Питирим Николаевич хотел выразить какую-то необыкновенно высокую и светлую мысль, но у него это почему-то не получалось. И, захлебываясь словами, он злоупотреблял великим словом "свобода". Однако и то, что он сказал, произвело глубокое впечатление на старичков, они смотрели на него снизу вверх, как лягушки из болота смотрят на луну, словно заведенные кивали головами и даже отбивали такт ботиночками, покрывавшими их высохшие стопы. А на столе стоял запотевший графин с водкой, не опрокидывался от ударов, сделанных разгорячившимся Греховниковым и старичками. Это был русский стиль. Только певец адмиралов как будто не понимал чего-то и сидел, тяжело опустив голову. Всем в зале нравилось выступление Питирима Николаевича, хотя, может быть, смысл его слов доходил далеко не до каждого. Нравилась, наверное, не та отдаленная, абстрактная свобода, за которую он ратовал, громко крича на весь ресторан, а вольность, с какой он вспрыгнул на столик и держал речь.

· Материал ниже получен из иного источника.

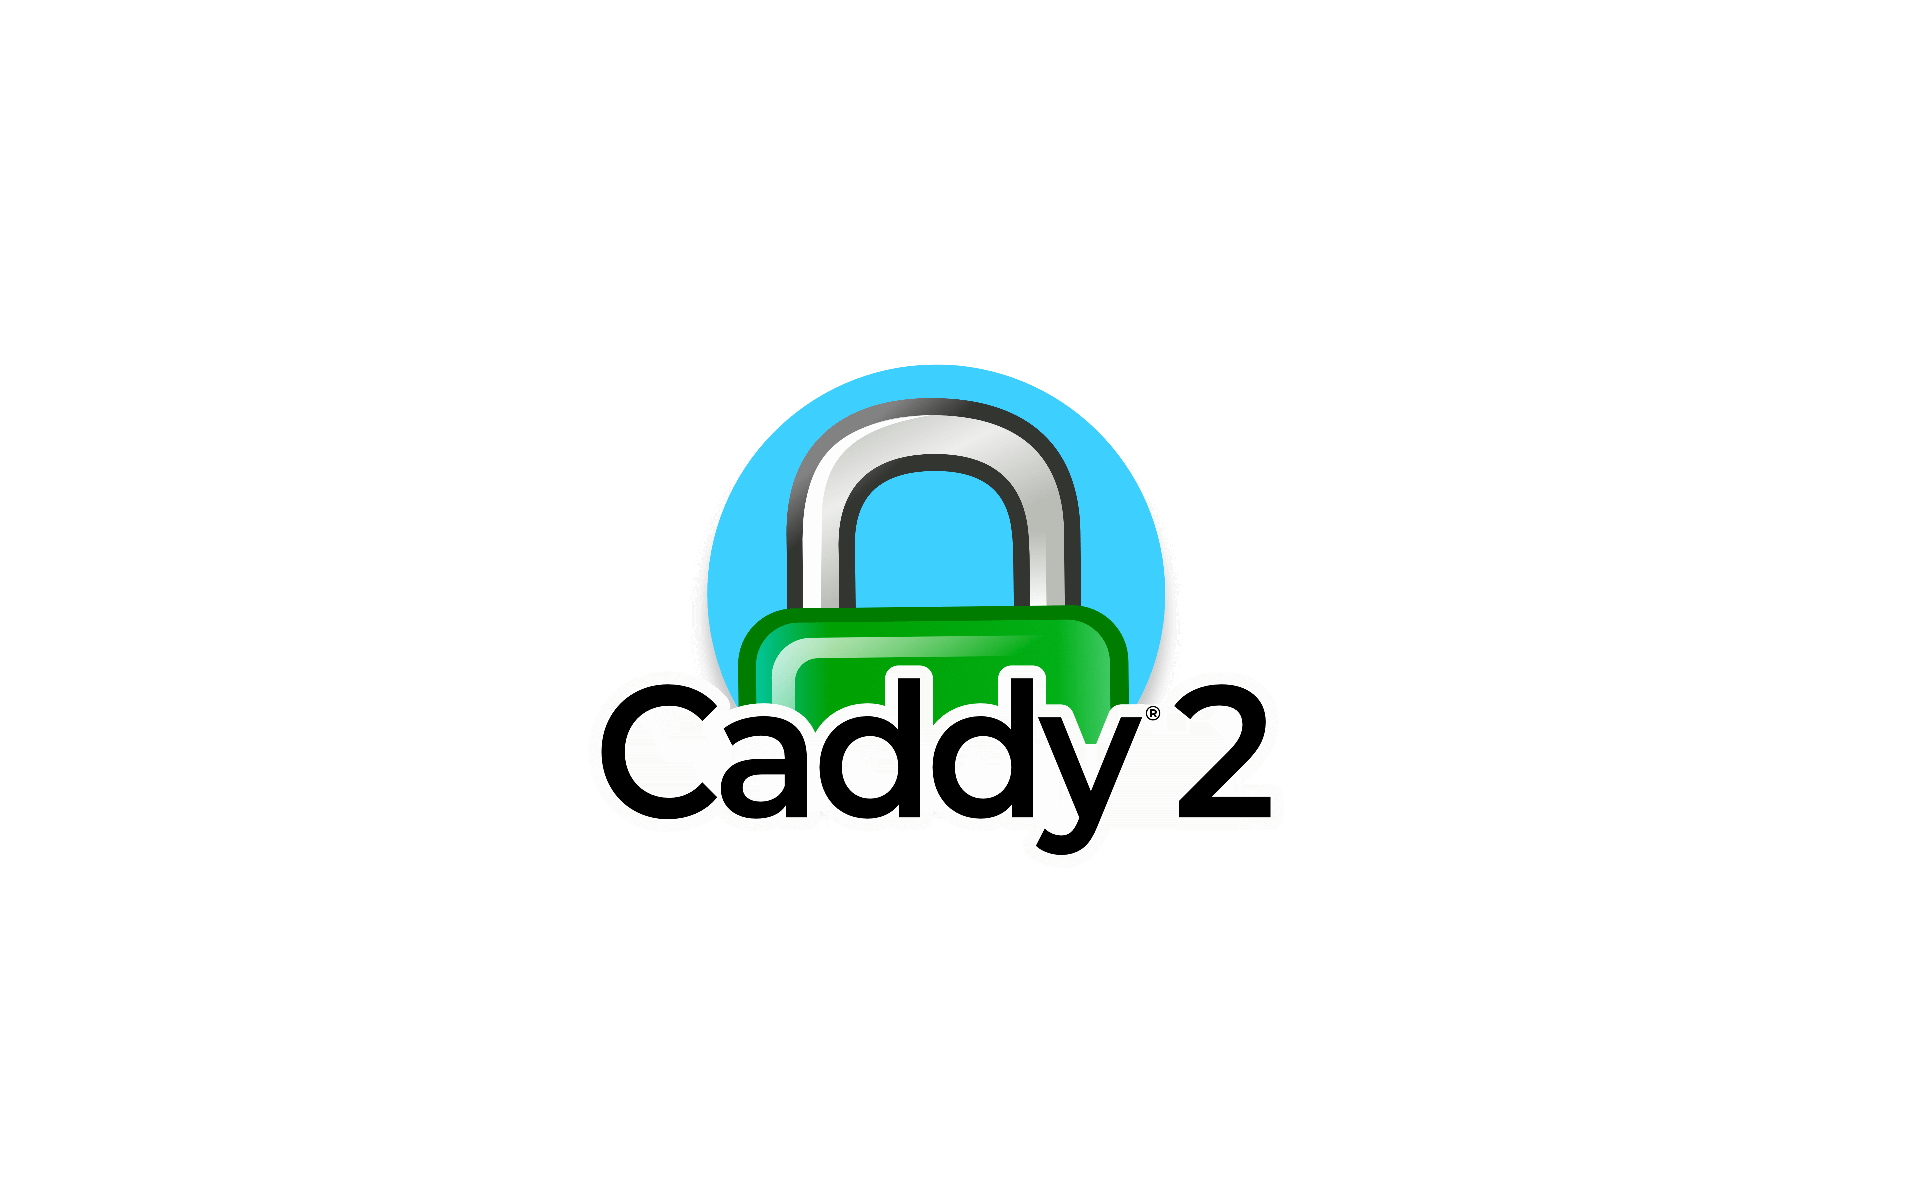 SetUp Caddy Web Server with Docker

Люди рукоплескали ему, думая, что он пьян и куражится.
За происходящим наблюдал незаметно вошедший и ставший в углу, возле непременного в подобных местах фикуса, Шишигин, новый среди писателей Беловодска человек. Он возник на литературном небосклоне внезапно, выскочив неизвестно откуда, и как будто случайно, но сразу получил немалую известность, изрядно нашумел опубликованным в самой Москве романом. У Льва Исаевича текли слюнки, когда он думал о Шишигине. Но он мог только мечтать о том, чтобы заполучить этого мастера.
Странное, надо сказать, впечатление производил шишигинский роман. Его глубокомыслие поражало при чтении, а по прочтении словно ничего и не оставалось в голове. Это было как веселье одного вечера, после которого утром в душе нет ничего, кроме пустоты и глупого звона. А Шишигину как будто только и надо быть что добиться такого эффекта, как если бы он и задумывал одурачить читателя, заставить его ломать голову над чем-то эфемерным, несуществующим, а затем удивляться и стыдиться собственной слепоты и бестолковости.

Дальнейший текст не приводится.